Since the temporary detour of Abay, however, some in the Egyptian media and the power circles of Cairo have been negatively casting the GERD, a regional dam, and speculating on perceived conspiratorial motives of Ethiopia and other sinister shadowy co-conspirators including the governments
of Israel and the United States of America.
With clear ulterior motives, some in the media and a particular group of politicians have been amplifying the Egyptian narrative and ‘serving’ it with malice and contempt to the rest of the stakeholders of the Nile, especially Ethiopia. It is particularly jarring to be exposed to the unvarnished intent and reality of the inner thoughts of the power circles in Cairo without the benefit of the usual diplomatic filter or mask.
Some have keenly observed that the rerouting of Abay is being used as a diversionary tactic to redirect Egyptians away from the daily tumult of economic, political and social unrest that continues to reverberate throughout Egypt as an aftershock of the revolution.
Recently Egypt’s top court, the Supreme Constitutional Court, invalidated the laws that governed the only operating part of parliament and the assembly that was tasked with the new constitution. The lower house was similarly disbanded last year by the Constitutional Court. The rulings effectively diminished the legal standing of President Morsi and the new law makers at a time when many Egyptians are struggling to come to terms with the post-revolutionary let down and the sever economic distress that continues to plague the country.

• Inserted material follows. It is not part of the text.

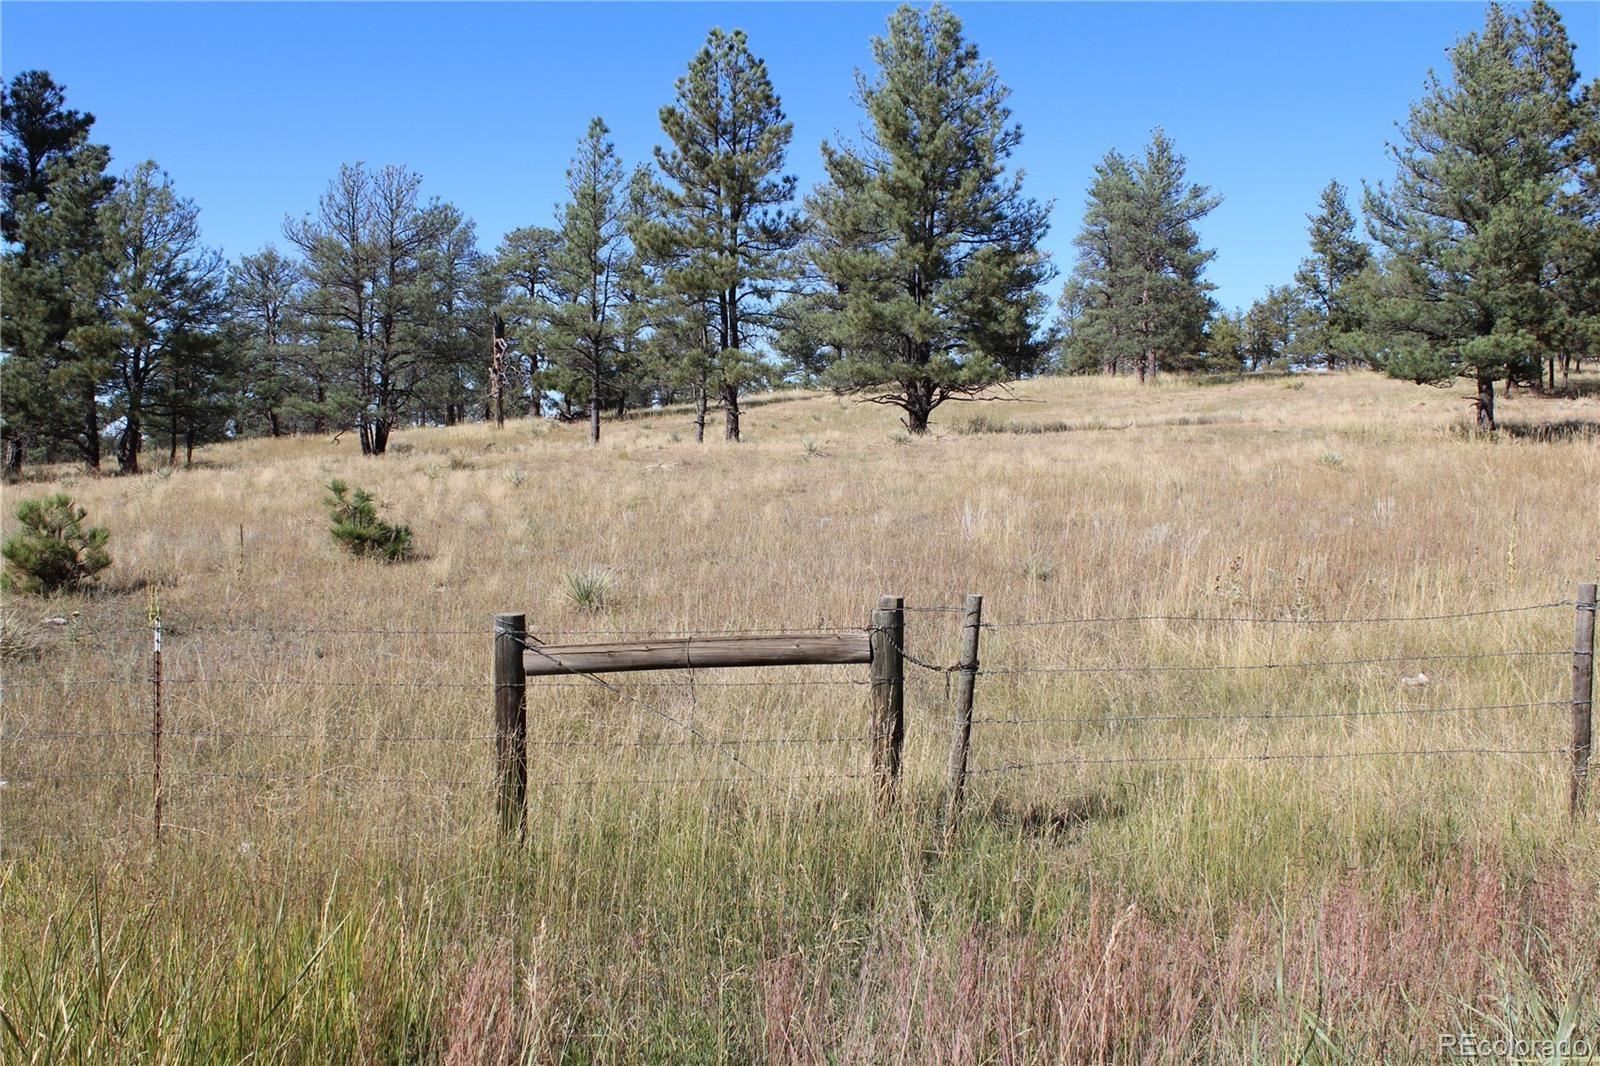 MLS# 2877174 - 1 - Cattle Circle, Kiowa, CO 80117

Many Egyptians now feel that the post-Mubarak transition has been fraught with a democratic deficit and are openly challenging the government’s inability to effectively run the country in accordance to the ‘spirit of Tahrir’. Others observe that the core guiding principles and the views and policies of the current administration have been highly susceptible to the political muscle and sectarian views of the Freedom and Justice Party, the Muslim Brotherhood’s political arm.

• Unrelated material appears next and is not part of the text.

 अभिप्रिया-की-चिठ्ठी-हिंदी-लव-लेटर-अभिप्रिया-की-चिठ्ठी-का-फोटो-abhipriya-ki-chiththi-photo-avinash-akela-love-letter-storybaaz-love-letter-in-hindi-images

It seems to me the series of serious political and economic setbacks that struck a blow to the party and government of President Morsi may be behind the recent ramping up of the rhetoric and hostile posturing against the brotherly people of Ethiopia and their individual and collective stake in their transformative signature undertaking – the Great Ethiopian Renaissance Dam. There are also indications that Egyptian leaders may have underestimated the strength and resilience of the institutions of the Federal Democratic Republic of Ethiopia in absorbing and withstanding
unanticipated shocks such as the untimely demise of the late Prime Minister, Meles Zenawi or the hostile Egyptian attempt to twist the arm of the Ethiopian people and their nation. However, the precedent setting interregnum period and the smooth transition that followed it have dispelled many long held myths and assumptions about the nature of the Ethiopian state and the ruling party. Despite such an undeniable reality, some still seem to have lingering doubts about the emergence of the People’s Democratic Republic of Ethiopia as a regional powerhouse and a stable anchor state.

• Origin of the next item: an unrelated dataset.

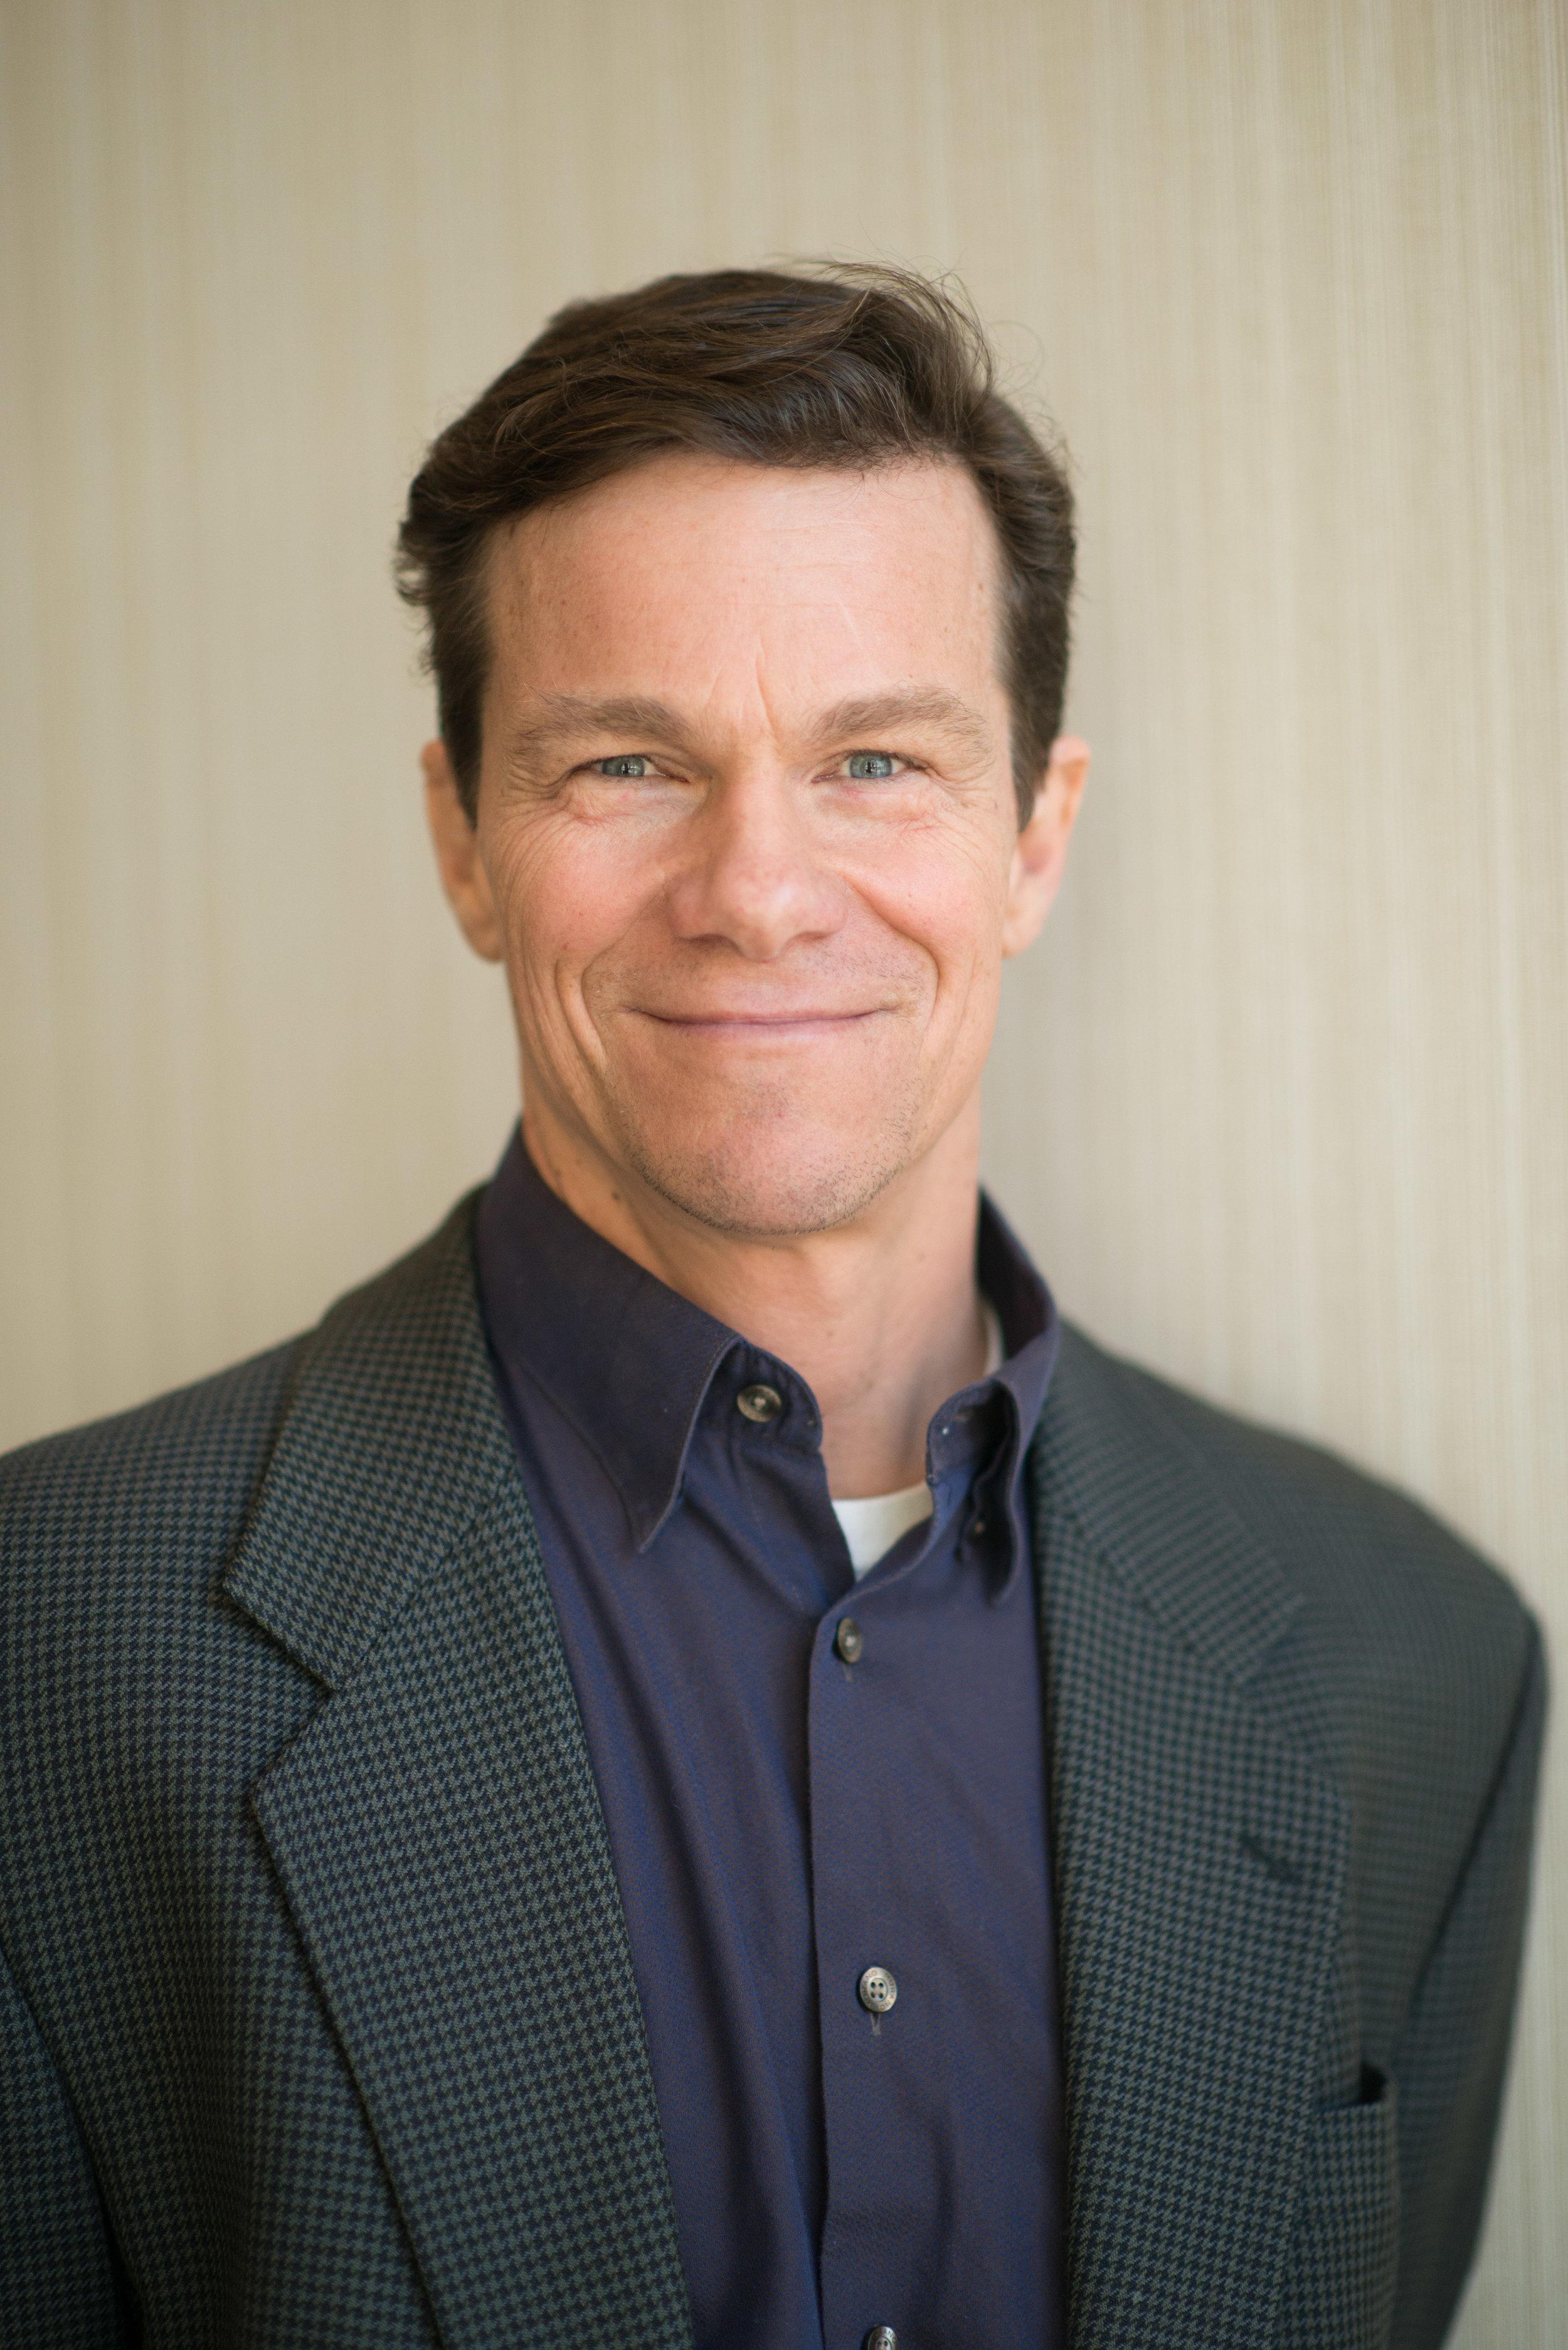 Kristof Irwin, PE, Principal

In light of the current reality of the nation, some regional observers have dismissed the Egyptian elites’ recent utterances as an attempt to delay the inevitable and inconvenient reality of regional power shift and restructuring. Whatever the case, it is regrettable that Nile politics is being used as an excuse to deny the dignity and human and democratic rights of Egyptians and as a means of distracting the people of the Nile Basin from bringing in to reality the just, equitable and sustainable development initiatives of upstream nations.